Vietnam's vaccination campaign showed a slow start but gained momentum in mid-2021, achieving significant coverage by the end of 2022 and continuing to expand in 2023. The data highlights the importance of sustained vaccination efforts to achieve widespread immunity within the population.

Lastly, we will create a view that combines the information from the `COVID_DEATHS` and `COVID_VACCINATIONS` tables for further visualization. Let's call it `PERCENT_POPULATION_VACCINATED_VIEW`

In [72]:
# Let's create a view to save data for later visualization
%%sql
DROP VIEW IF EXISTS PERCENT_POPULATION_VACCINATED_VIEW;

CREATE VIEW PERCENT_POPULATION_VACCINATED_VIEW
AS
SELECT
  dea.continent,
  dea.location,
  dea.date,
  dea.population,
  vac.total_vaccinations,
  vac.total_vaccinations / dea.population AS vaccin_percentage
FROM COVID_DEATHS_PROCESSED dea
JOIN COVID_VACCINATIONS_PROCESSED_V2 vac
  USING (location, date)
ORDER BY 1, 2, 3

 * sqlite:///covid_data.db
Done.
Done.


[]

In [73]:
# So now we can select from the view
%%sql
SELECT *
FROM PERCENT_POPULATION_VACCINATED_VIEW
LIMIT 10

 * sqlite:///covid_data.db
Done.


continent,location,date,population,total_vaccinations,vaccin_percentage
,Africa,2020-01-05,1426736614.0,,
,Africa,2020-01-05,1426736614.0,,
,Africa,2020-01-05,1426736614.0,,
,Africa,2020-01-05,1426736614.0,,
,Africa,2020-01-06,1426736614.0,,
,Africa,2020-01-06,1426736614.0,,
,Africa,2020-01-06,1426736614.0,,
,Africa,2020-01-06,1426736614.0,,
,Africa,2020-01-07,1426736614.0,,
,Africa,2020-01-07,1426736614.0,,


# Conclusion

This project delved into the COVID-19 dataset using advanced SQL techniques, revealing key insights into global trends, regional disparities, and vaccination progress. Through thorough analysis, it underscored the importance of data-driven decision-making in public health crises like COVID-19.

## Key Learnings

1. **SQL Proficiency**: Enhanced skills in advanced SQL techniques for handling complex datasets.
   
2. **Data Quality**: Addressed data quality issues for accurate analysis.

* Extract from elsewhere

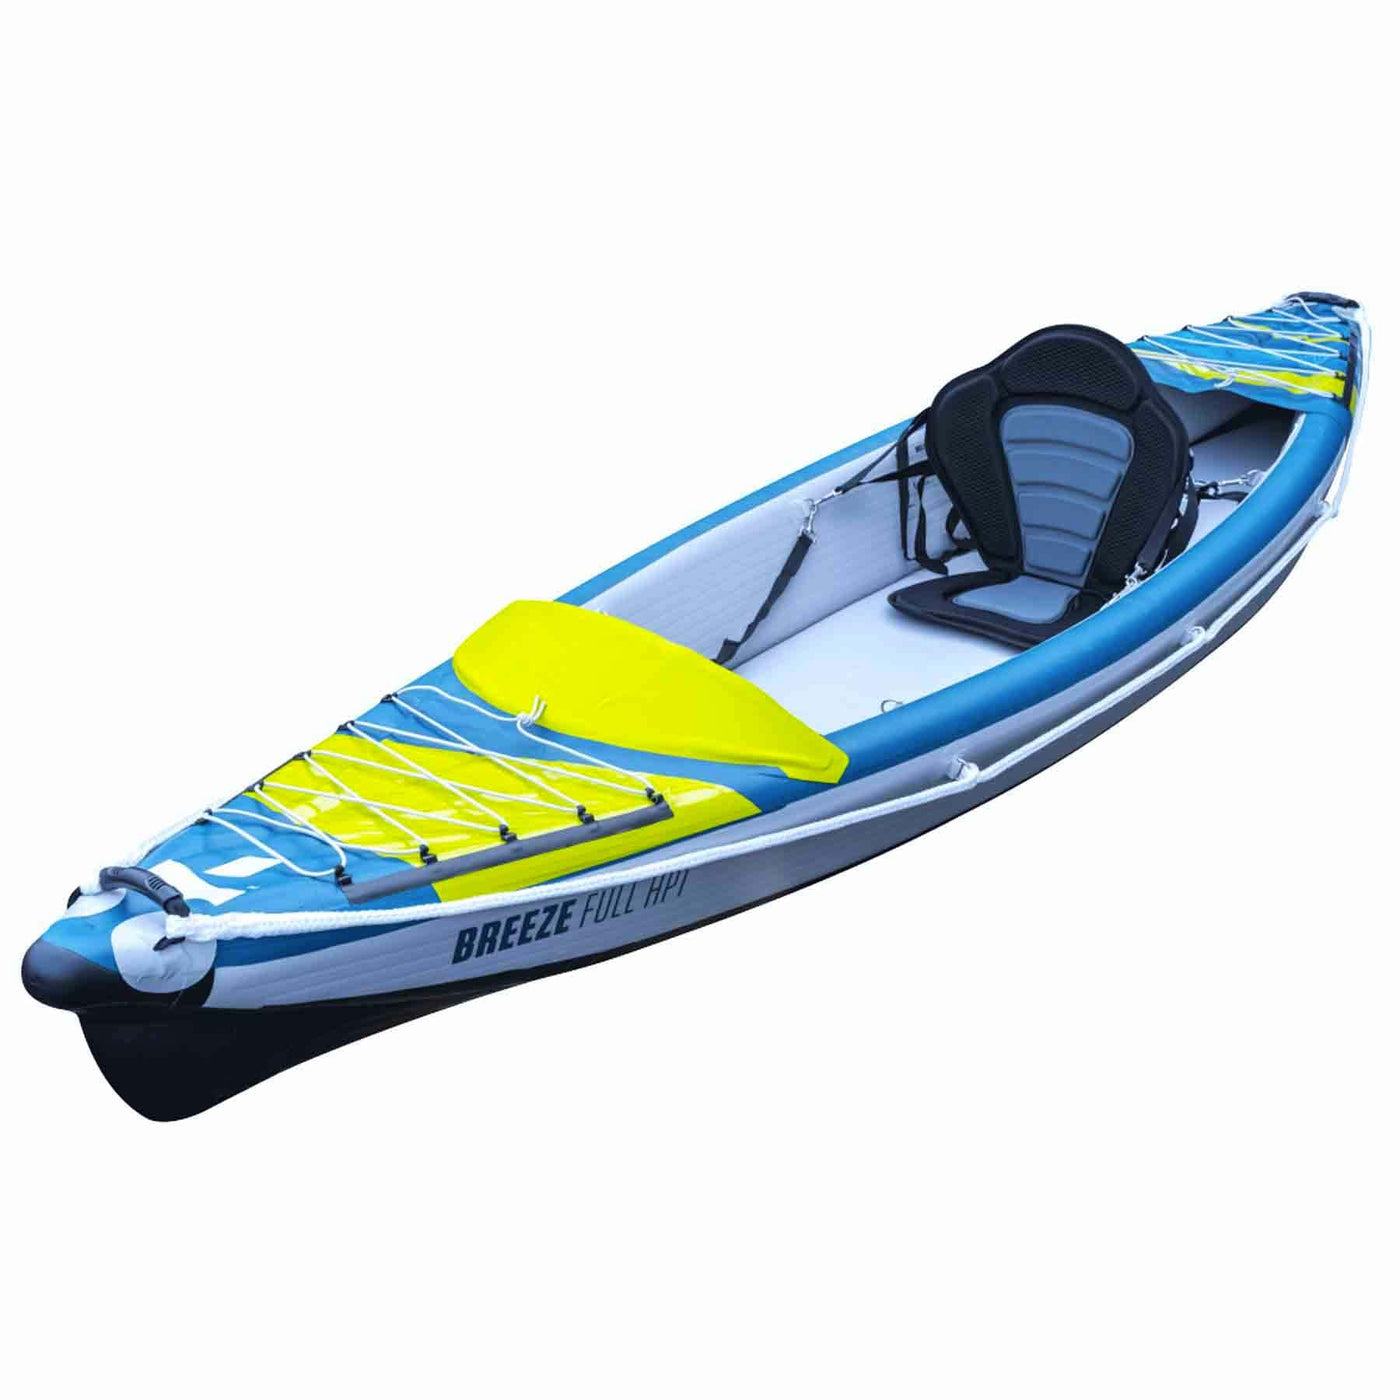 Tahe Air Breeze Full HP1 Inflatable Kayak Tahe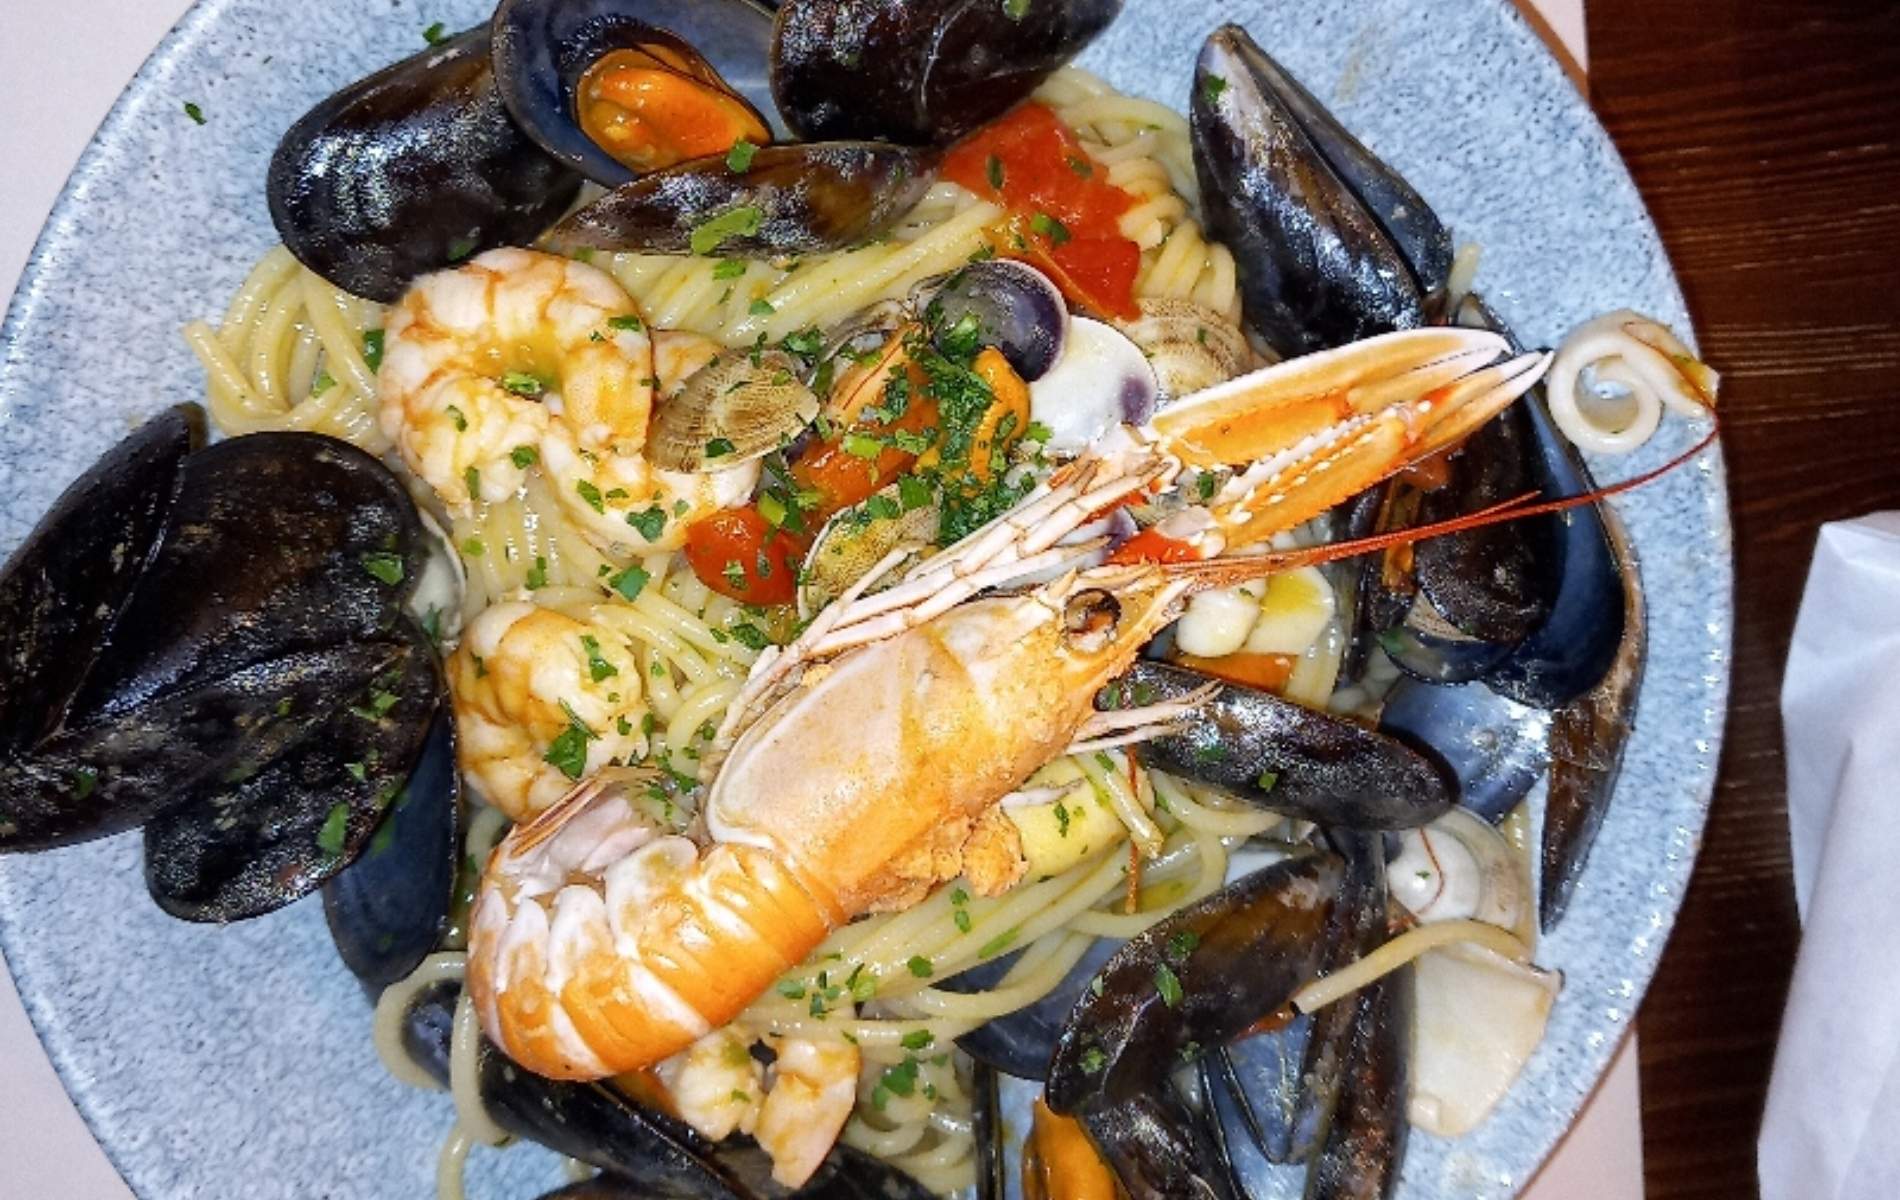 Aprenda a preparar fideuá, prato típico espanhol com frutos do mar, Gastronomia

3. **Global Trends**: Identified significant global trends and disparities in COVID-19 cases, deaths, and vaccination rates.

4. **Regional Disparities**: Highlighted variations in the impact of COVID-19 across continents and income levels.

5. **Vaccination Progress**: Tracked the progress and challenges of global vaccination efforts.

6. **Visualization**: Emphasized the importance of data visualization for conveying insights effectively.

## Future Considerations

1. **Detailed Country Analysis**: Explore individual country factors influencing COVID-19 outcomes.

2. **Temporal Analysis**: Investigate the effectiveness of interventions over time.

3. **External Factors**: Integrate additional datasets to understand broader influences on COVID-19 trends.

4. **Predictive Modeling**: Use machine learning for forecasting future trends.

5. **Variant Impact**: Analyze the impact of COVID-19 variants on cases, deaths, and vaccine effectiveness.

6. **Long-term Effects**: Study the lasting health and economic impacts of COVID-19 for recovery and preparedness efforts.

This project lays the groundwork for ongoing analysis and decision-making in addressing the COVID-19 pandemic, emphasizing the value of data insights in public health responses.